Clinical Consequences
  • Acute inflammation is traditionally characterized by a number of gross, clinically identifiable features:.
  • Calor: Heat (Due to increased blood flow)
  • Rubor: Redness (Due to dilation of blood vessels)
  • Tumor: Swelling, formally a localized edema (Due to increased permeability of vessels and resultant extravasation of protein-rich fluid)

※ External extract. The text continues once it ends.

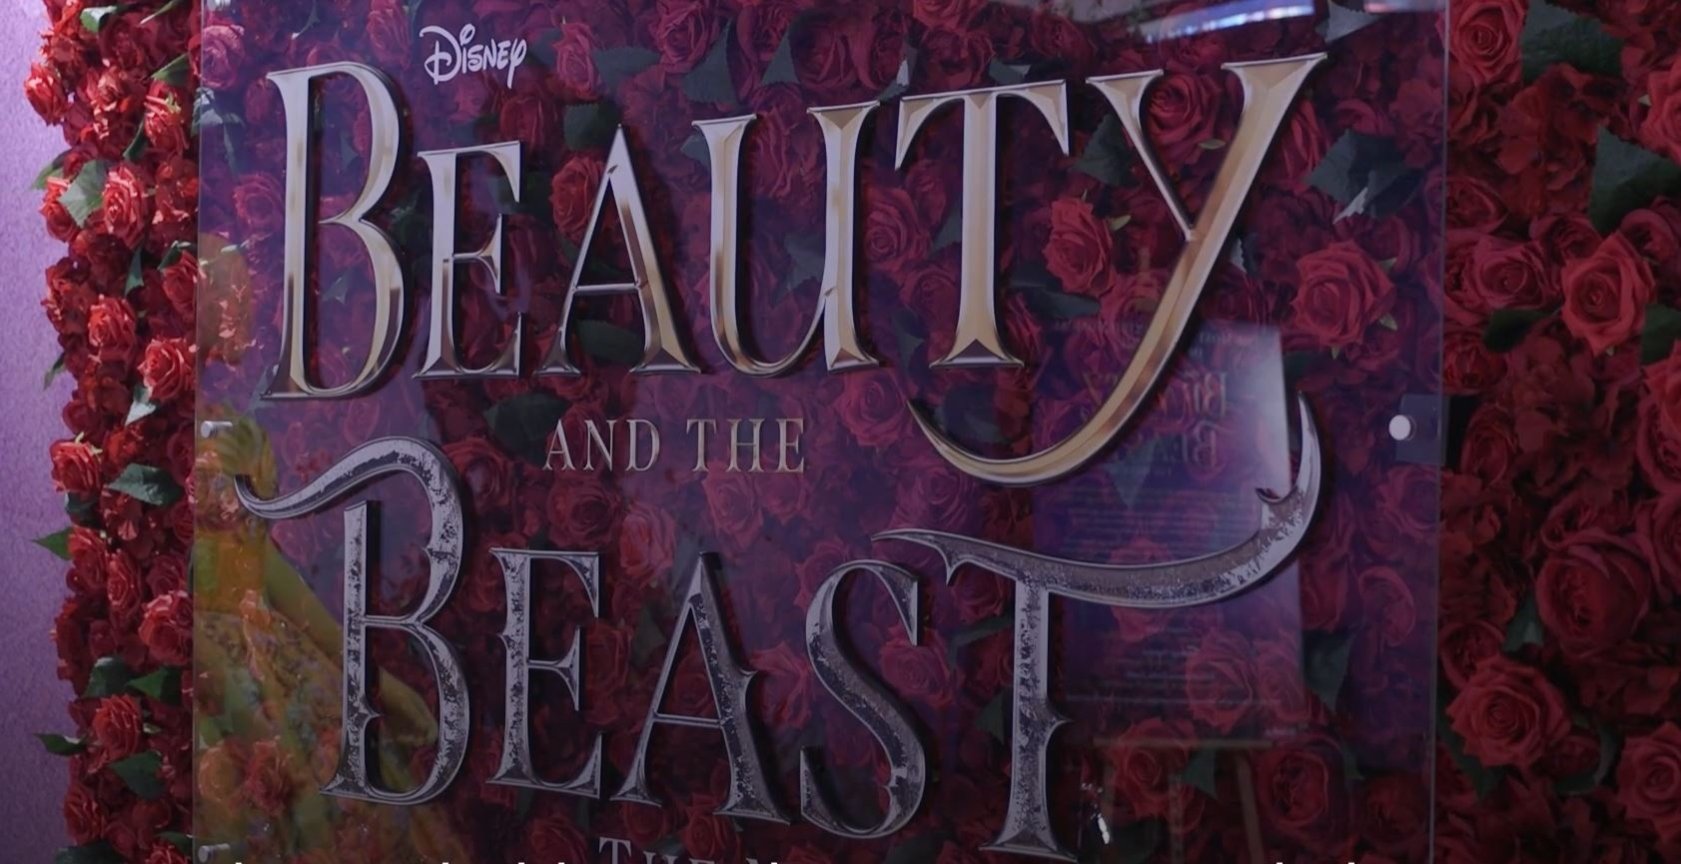 'Beauty and the Beast' sign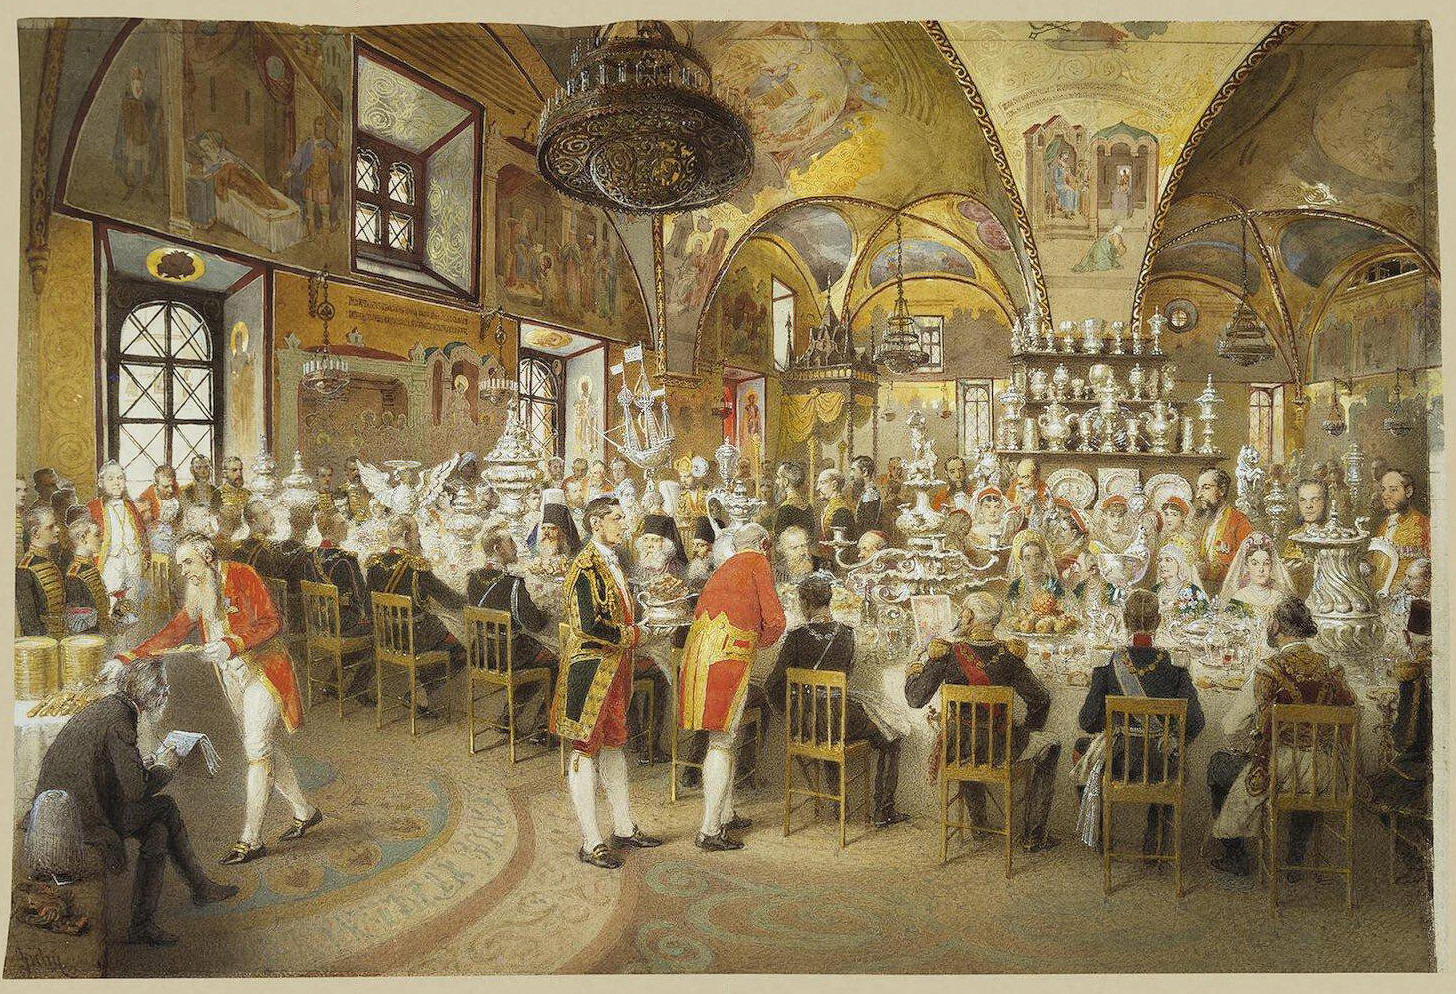 Mihály Zichy. The gala dinner in the Concert hall of the Winter Palace, 1873.

  • Dolor: Pain (Due to chemical mediators such as bradykinin)
  • Functio laesa: Loss of function
Sequelae
  • Overview
    • Acute Inflammation is generally considered a process which lasts several days. Following this time period several outcomes may result as described below.
  • Resolution
    • This is the most favorable outcome and is characterized by clearance of injured cells along with any microbes followed by restoration of the normal tissue architecture. Resolution occurs when the source of injury is transient and cellular damage is minimal. Extravasated immune cells are removed with different modalities: Neutrophils undergo apoptosis while macrophages and other cells travel out of the tissue via lymphatic vessels.
  • Abscess formation
    • When the source of injury is concentrated and intense, large numbers of neutrophils may be recruited to the site of injury. Neutrophils often release potent degradative enzymes into the surrounding tissue which can severely damage host cells and result in significant destruction of tissue architecture. The combination of recruited neutrophils which rapidly undergo apoptosis together with damaged cellular debris and any present microbes manifests as an Abscess.
  • Chronic Inflammation
    • In many cases the processes of acute inflammation are not sufficient to remove the source of injury. Additionally, the inflammatory processes themselves may initiate further injury which induces further inflammation, thus causing a self-perpetuating inflammatory loop. Such scenarios where inflammation lasts longer than several days are termed Chronic Inflammation (see page). When acute inflammation transitions into chronic inflammation the histomorphological pattern transitions as described further in Chronic Inflammation.
Morphology
  • In general, acute inflammation is characterized by the presence of large numbers of neutrophils although other leukocytes are recruited as well. Consequently, when you encounter histopathological descriptions which primarily cite the presence of neutrophils over and above other types of immune cells, consider this an indication that an acute inflammatory process is at work.